Loads. Some actually even make good on that.
So, there's different kinds of martial competence. There are characters who are proficient in combat directly, there are well written strategists, there are characters who excel at military leadership, and when they're written well, you can actuallylearn some things from them.
I'm going to give some examples, and at least one cautionary example.
For, just, raw combat prowess, I still go back to Robert E. Howard's Conan short stories. It's easy to meme on the character, especially 90 years after the fact, with the cultural persona that's grown around him, but Howard's original writing is excellent. The character would not have survived Howard's early (and, frankly, tragic) death if it was just the one note gag you might expect, if your only exposure to the character was through cultural osmosis and the films.
Howard's fight scenes were shockingly well written. To the point that it is still absolutely worth reading if you want to write a fantasy fighter.
For strategists, three characters come to mind, but only two are literary, and all are Science Fiction.
Grand Admiral Thrawn is probably one of the best villains Star Wars has ever produced, it's part of why he's one of the few characters that's migrated from the original EU to the Disney era.
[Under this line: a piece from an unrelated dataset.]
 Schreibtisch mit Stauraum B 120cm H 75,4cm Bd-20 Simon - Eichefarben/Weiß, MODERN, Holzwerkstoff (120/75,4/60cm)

My personal take is, as a character, he's lost a lot over the years, but the original incarnation from the early 90s novels is a very solid model for a strategist. Particularly in how he takes time to understand his opponents while looking for potential weak points to exploit.
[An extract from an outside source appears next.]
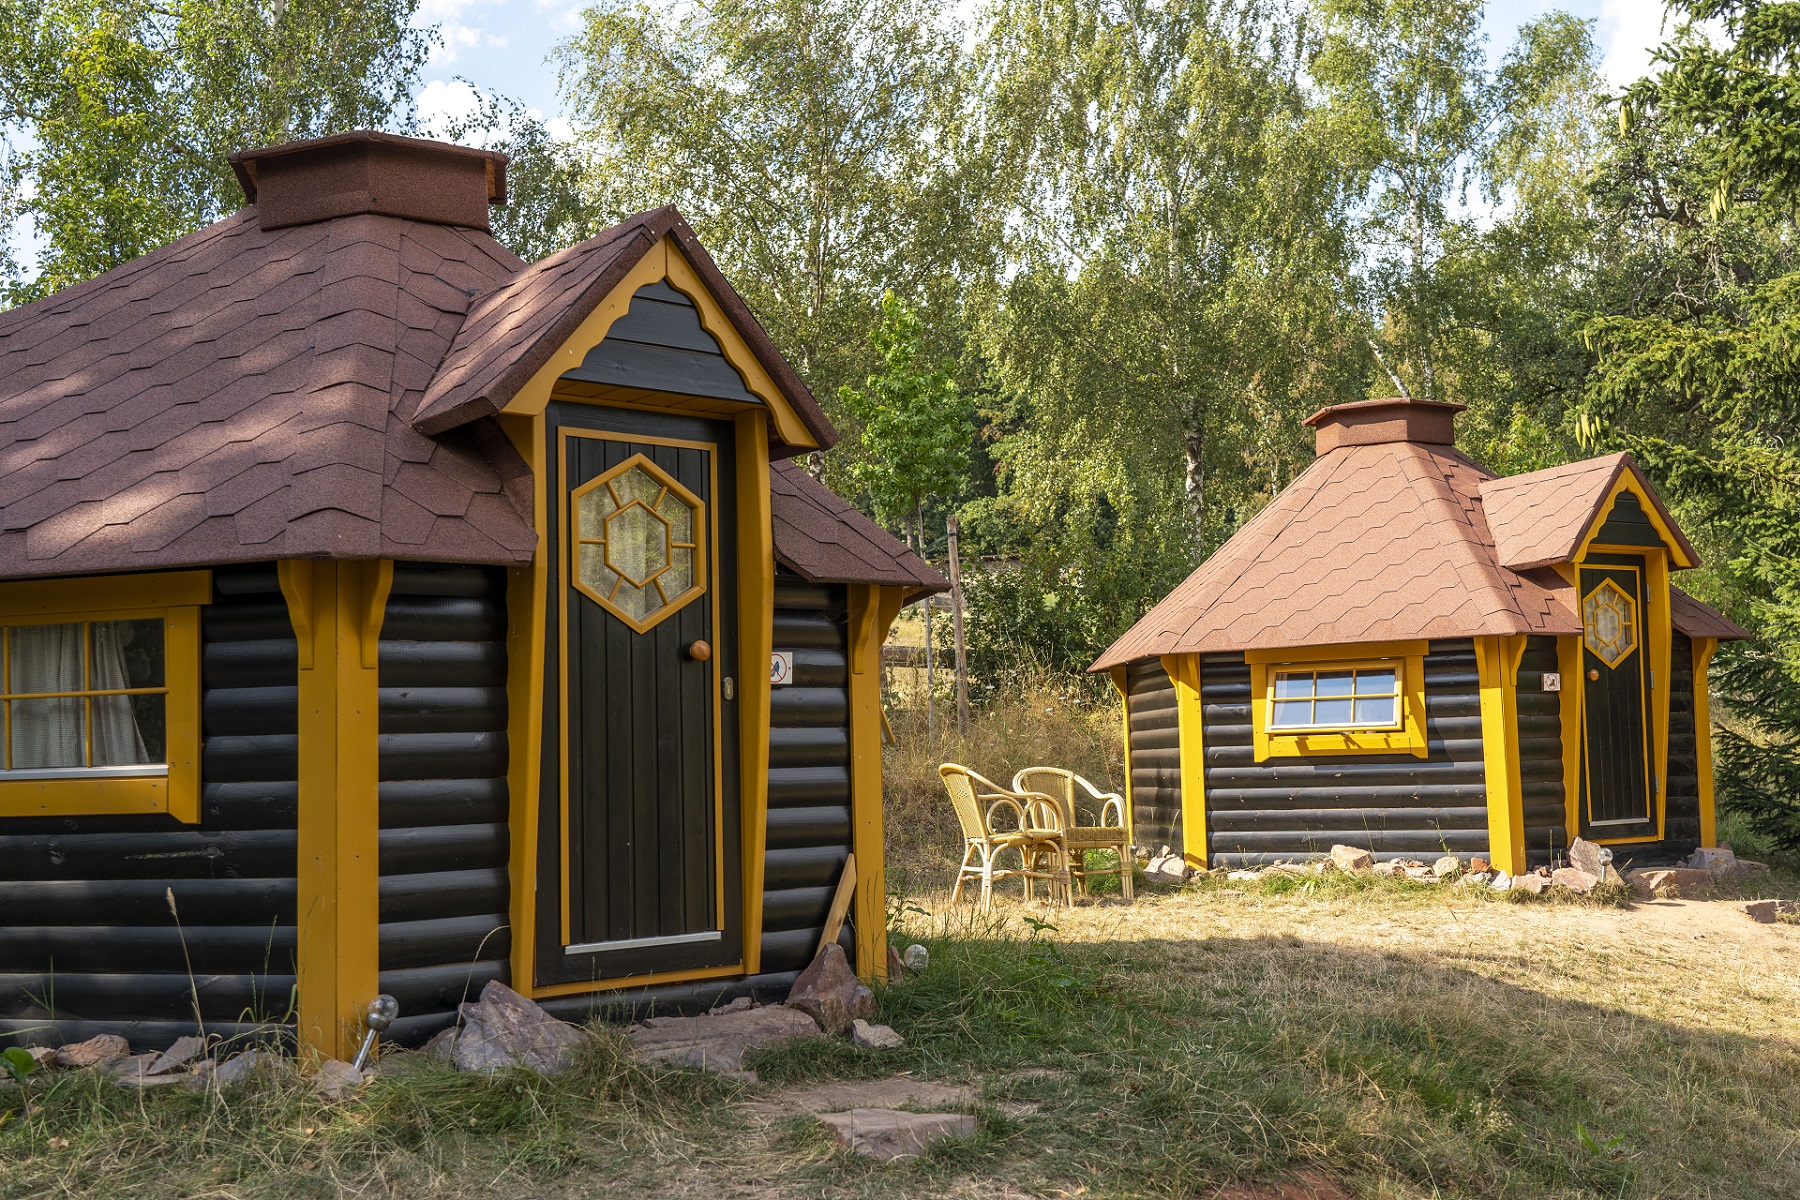 Zwei finnische Kota mit gelben Fenster- und Türrahmen. Sie dienen als Übernachtungsmöglichkeit auf dem Campingplatz.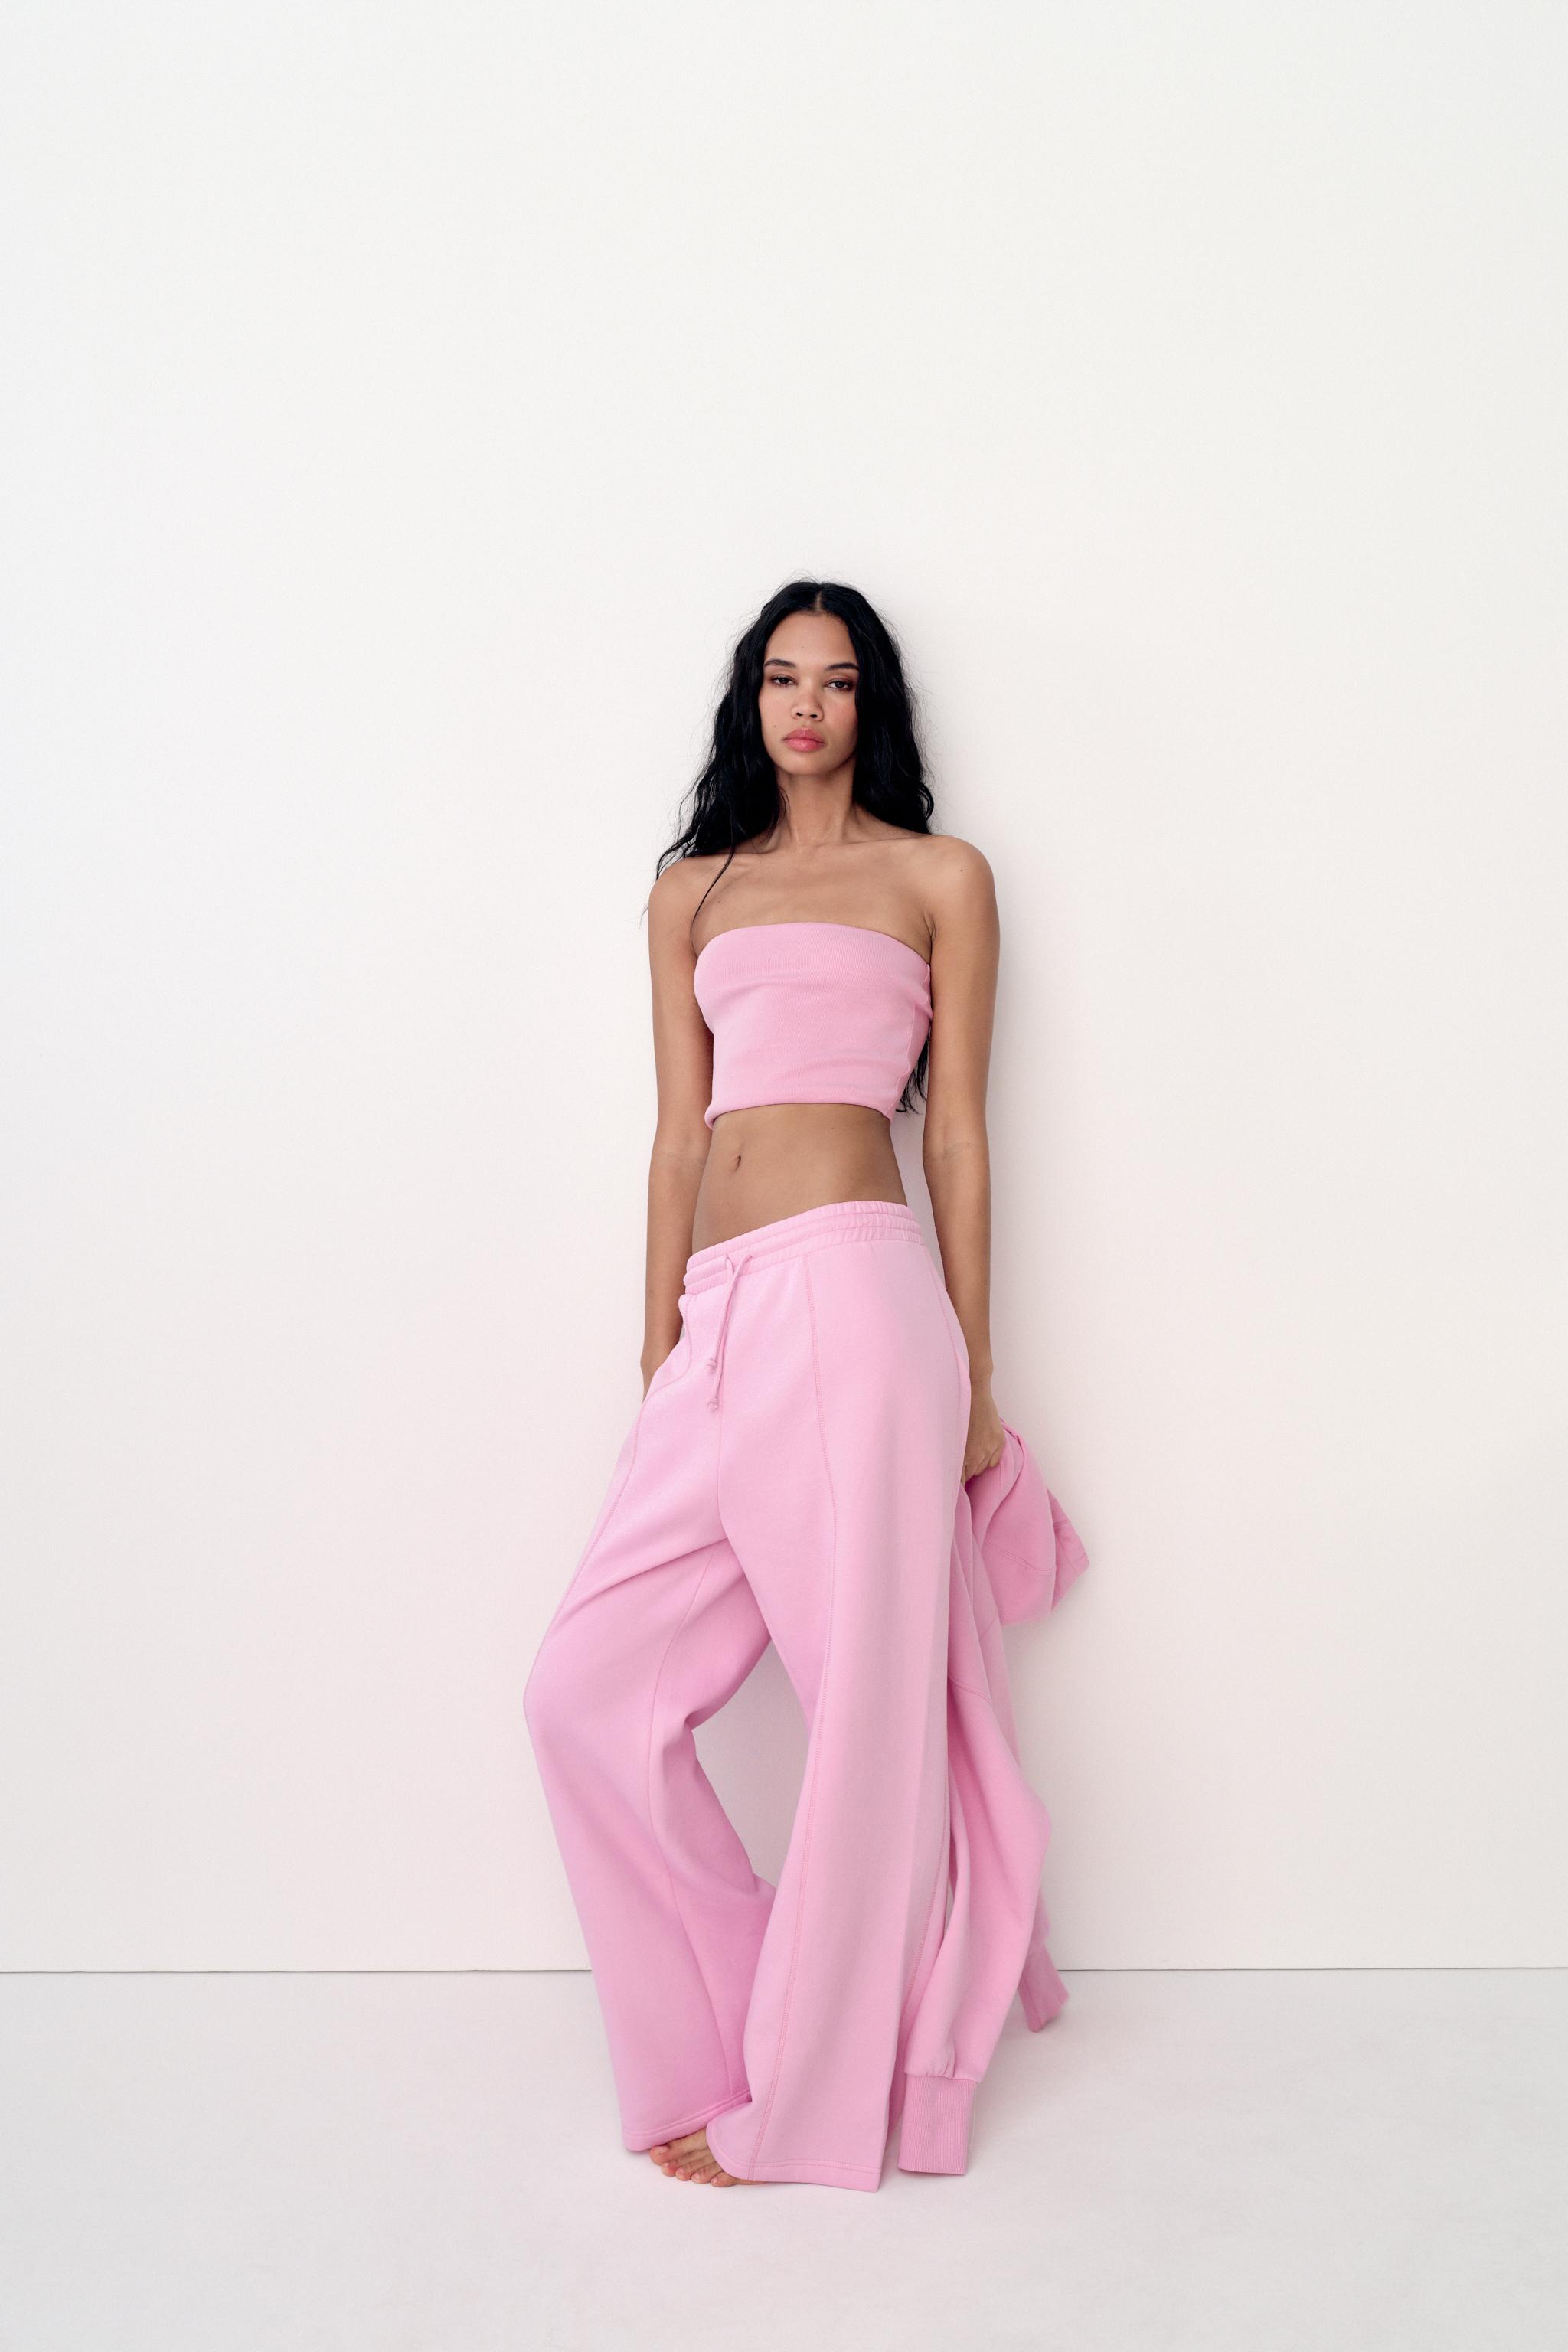 Zara, Tops, New Zara Pink Texture Corset Top

His practice of studying a culture's art to understand their psychology might sound a bit goofy, but the concept does have a real basis. (At least, until it metastasized into a superpower, in later adaptations of the character.) Being able to psychologically assess your foe is an incredibly valuable element of strategy, and one that you probably want to consider when you're writing a character who is supposed to be a “strategic genius.”
When writing fiction, you want to consider all of your characters as if they were people, rather than as hollow, plastic toys. And, yes, the obnoxious villain who knows exactly what your heroes will do because of authorial fiat is going to be a more compelling character than the ambulatory goldfish villain who exists as a prelude for your heroes showing off how badass you think they are.
Granted, even in Heir to the EmpireThrawn was already drawing strategic insights that strained credibility, but understanding your foe is an element of strategic thinking that is often forgotten in literature. So, even as a villain in a tie-in novel (we're not done with tie-in fiction yet), he is worth looking at. At least when written by Timothy Zhan, Thrawn was a well written character, and even if he bordered on a Mary Sue at times, he escaped a lot of that stigma by justifying his competence.
It's also probably worth mentioning in passing that he's one of the few Imperial leaders in Star Wars who isn't also criminally incompetent.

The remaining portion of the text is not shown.